2 Standard and weighted Dyck paths

A Dyck path of size n is a lattice path with steps \(U=(+1,+1)\) and \(D=(+1,-1)\) that goes from (0, 0) to (2n, 0) never passing below the x-axis. We denote by \({\mathcal {D}}_n\) the set of Dyck paths of size (semilength) \(n\ge 1\). In particular,
$$\begin{aligned} |{\mathcal {D}}_n|=c_n=\frac{1}{n+1}{{2n}\atopwithdelims (){n}}, \end{aligned}$$
(1)
where \(c_n\) is the nth Catalan number [27]. \({\mathcal {D}}=\bigcup _{n\ge 1}{\mathcal {D}}_n\) is the set of Dyck paths. If \(\gamma \in {\mathcal {D}}\), then \(U_i\) (resp. \(D_i\)) is the ith up (resp. down) step in \(\gamma\). We denote by \(y_i=y(U_i)\) the ordinate of the highest point of \(U_i\) in \(\gamma\), while \(y(D_i)\) is the ordinate of the highest point of the ith down step \(D_i\) of \(\gamma\). If \(\gamma = UDUUDD\) (Fig. 1a), then \((y_1,y_2,y_3)=(1,1,2)\).
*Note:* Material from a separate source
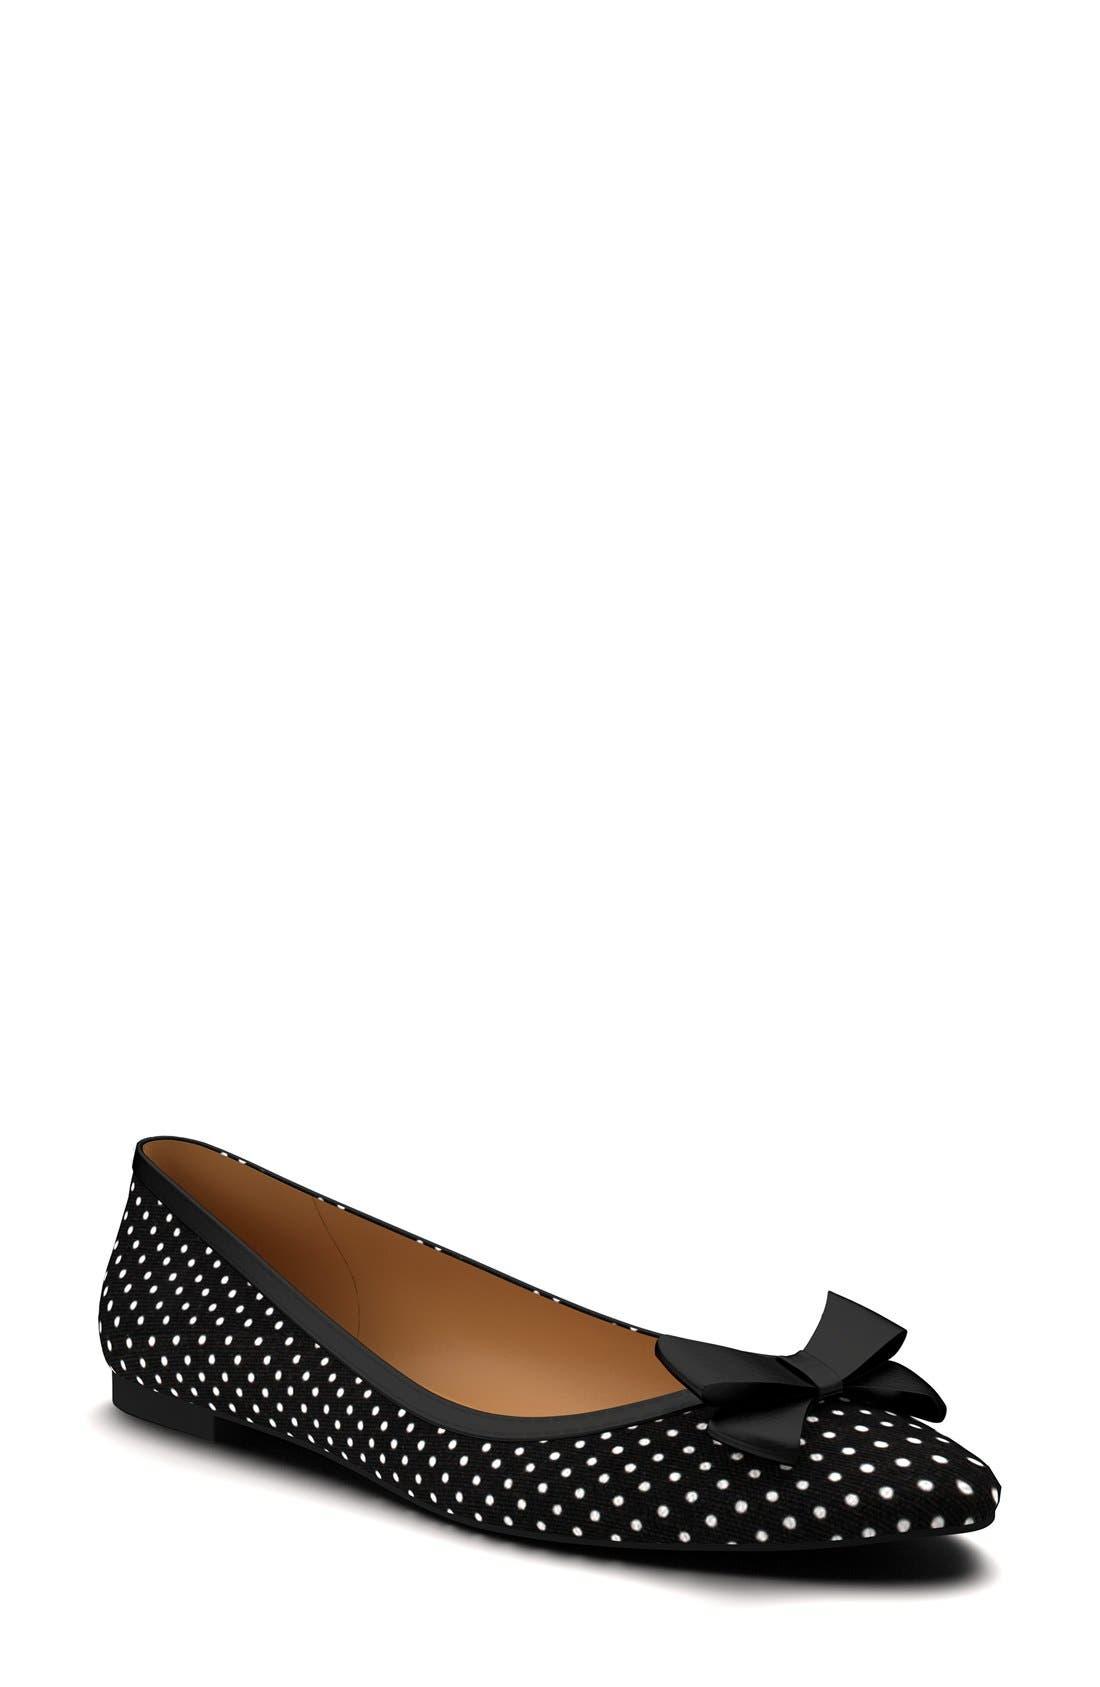 Alternate Image 1 Selected - Shoes of Prey Polka Dot Ballet Flat (Women)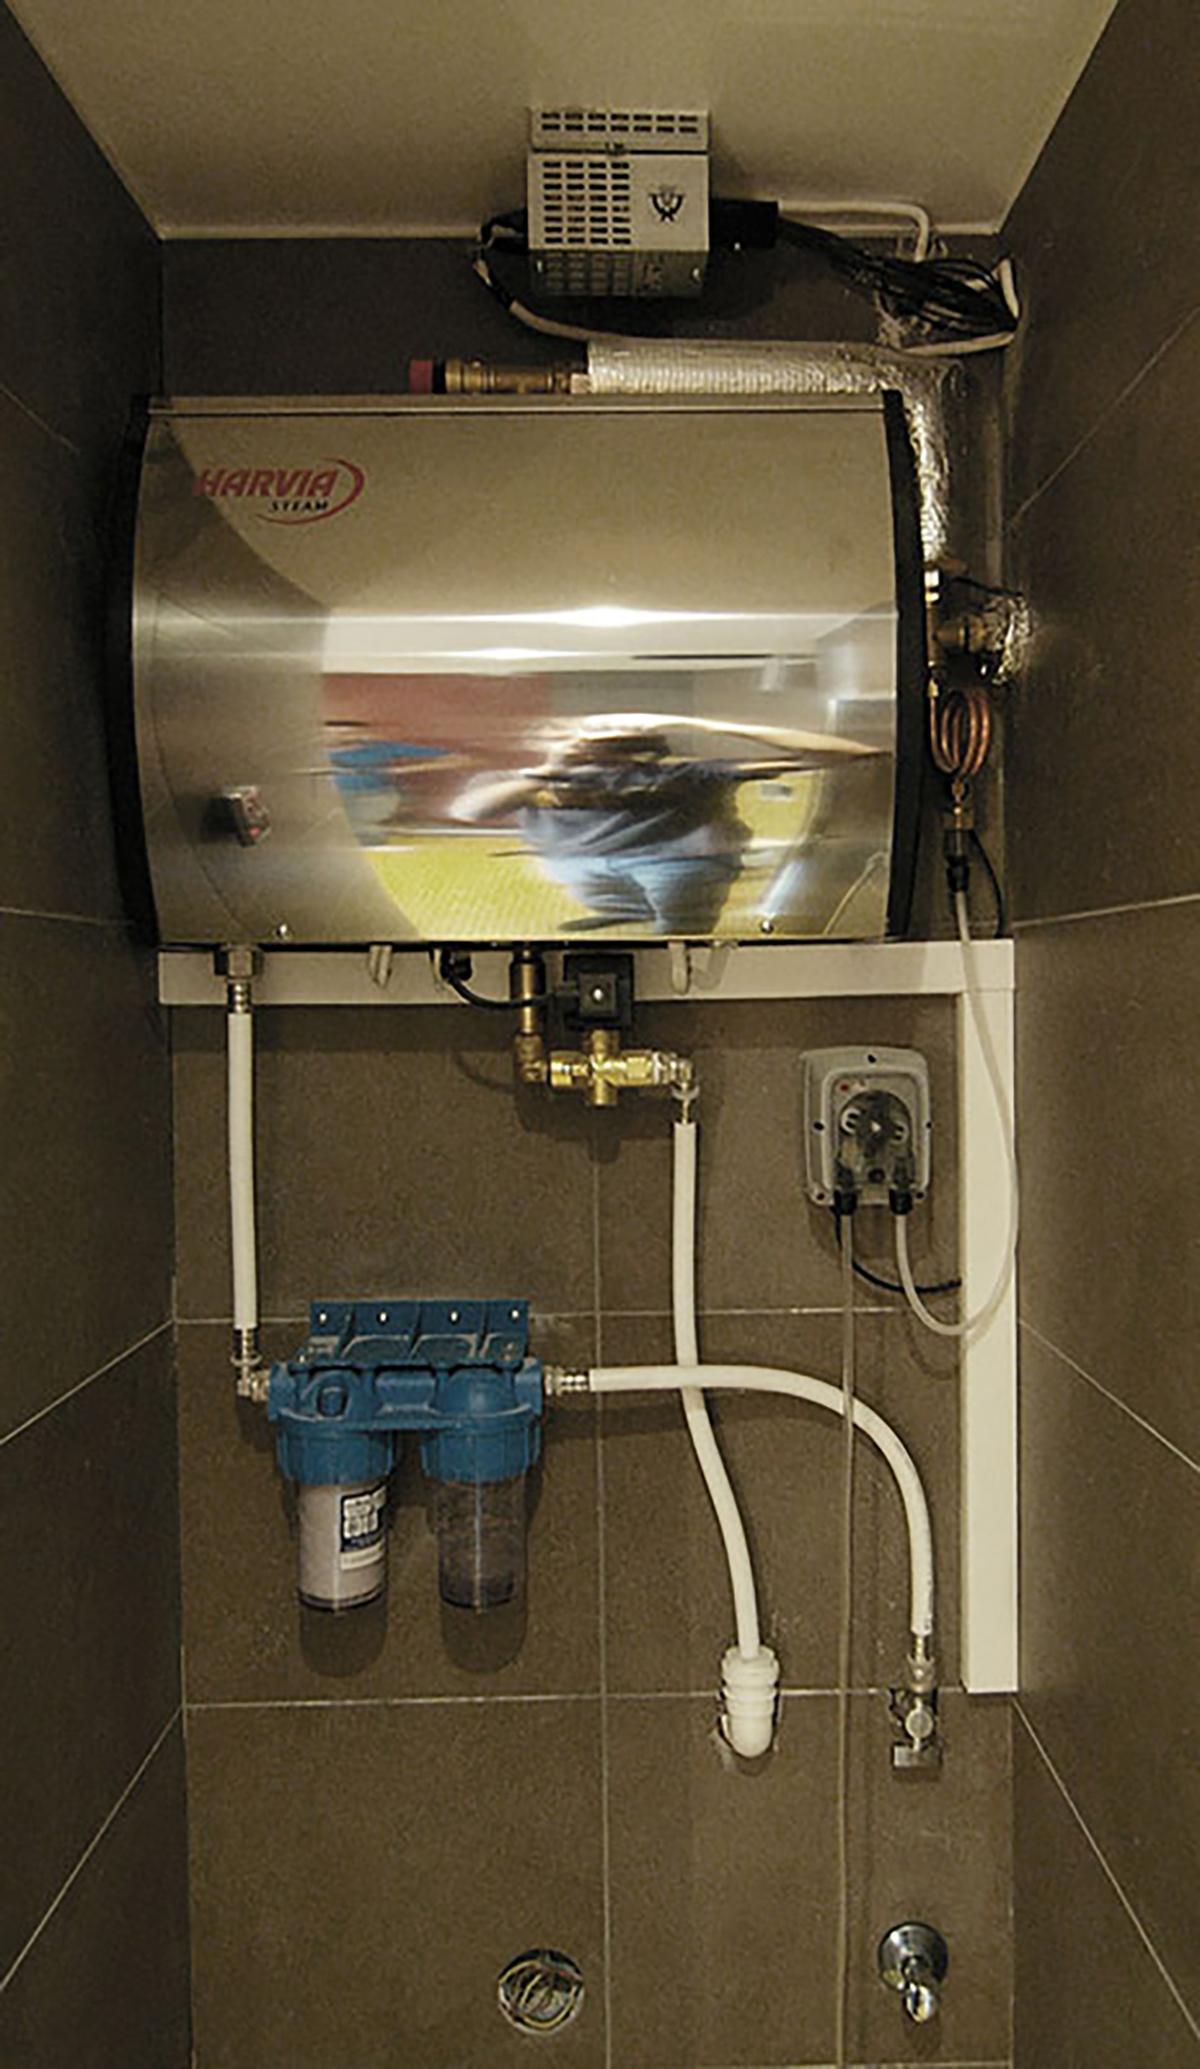 Harvia Steam инструкция - фото 3

Note that each Dyck path of size n is completely determined by the n-tuple \((y_1,y_2,\dots ,y_n)\) of the ordinates of its up steps.
In addition to \({\mathcal {D}}\), we consider two classes of labeled paths that we denote by \({\mathcal {D}}^{\prime }\) and \({\mathcal {D}}^{\prime \prime }\). The labeled paths of \({\mathcal {D}}_n^{\prime }\) (Fig. 1b) are obtained by coloring each Dyck path \(\gamma \in {\mathcal {D}}_n\) (Fig. 1a) through \(y_i\) possible labels for its up step \(U_i\), for every \(1 \le i \le n\). As in Fig. 1b, we take the labels for \(U_i\) in the range \([1,y_i]\). Under this scheme, \(\gamma \in {\mathcal {D}}_n\) can be colored in \(\prod _{i=1}^{n} y_i\) different ways, the latter product being the multiplicity (weight) of \(\gamma\) in \({\mathcal {D}}_n^{\prime }\). Paths in \({\mathcal {D}}_n^{\prime }\) are called histoires d’Hermite in [22]. Similarly, by coloring both up steps and down steps of Dyck paths, we define the set \({\mathcal {D}}^{\prime \prime }\). More precisely, the labeled paths in \({\mathcal {D}}_n^{\prime \prime }\) (Fig. 1c) are obtained by coloring each \(\gamma \in {\mathcal {D}}_n\) (Fig. 1a) through \(y_i\) possible labels for its up step \(U_i\) and through \(y(D_i)\) labels for its down step \(D_i\), for every \(1 \le i \le n\). As in Fig. 1c, labels for each \(U_i\) are taken as integers in the range \([1,y_i]\), while labels for each \(D_i\) as integers in \([1,y(D_i)]\). With this setting, a Dyck path \(\gamma\) of size n can be colored in \(\prod _{i=1}^{n} y_i \cdot y(D_i)=\prod _{i=1}^{n} y_i^2\) different ways, which is the multiplicity (weight) of \(\gamma\) in \({\mathcal {D}}_n^{\prime \prime }\).
Fig. 1

Standard and colored Dyck paths. a A path in \({\mathcal {D}}_3\). The height of the third up step is \(y(U_3)=2\). b Paths in \({\mathcal {D}}_3^{\prime }\) determined by labeling, in all possible ways, each up step \(U_i\) of the path in A by an integer in the range \([1,y(U_i)]\). The third up step can be labeled either by 1 or 2, since \(y(U_3)=2\). c Paths in \({\mathcal {D}}_3^{\prime }\) determined by labeling both up steps and down steps of the path in A. The second down step has label in the range \([1,y(D_2)]=[1,2]\)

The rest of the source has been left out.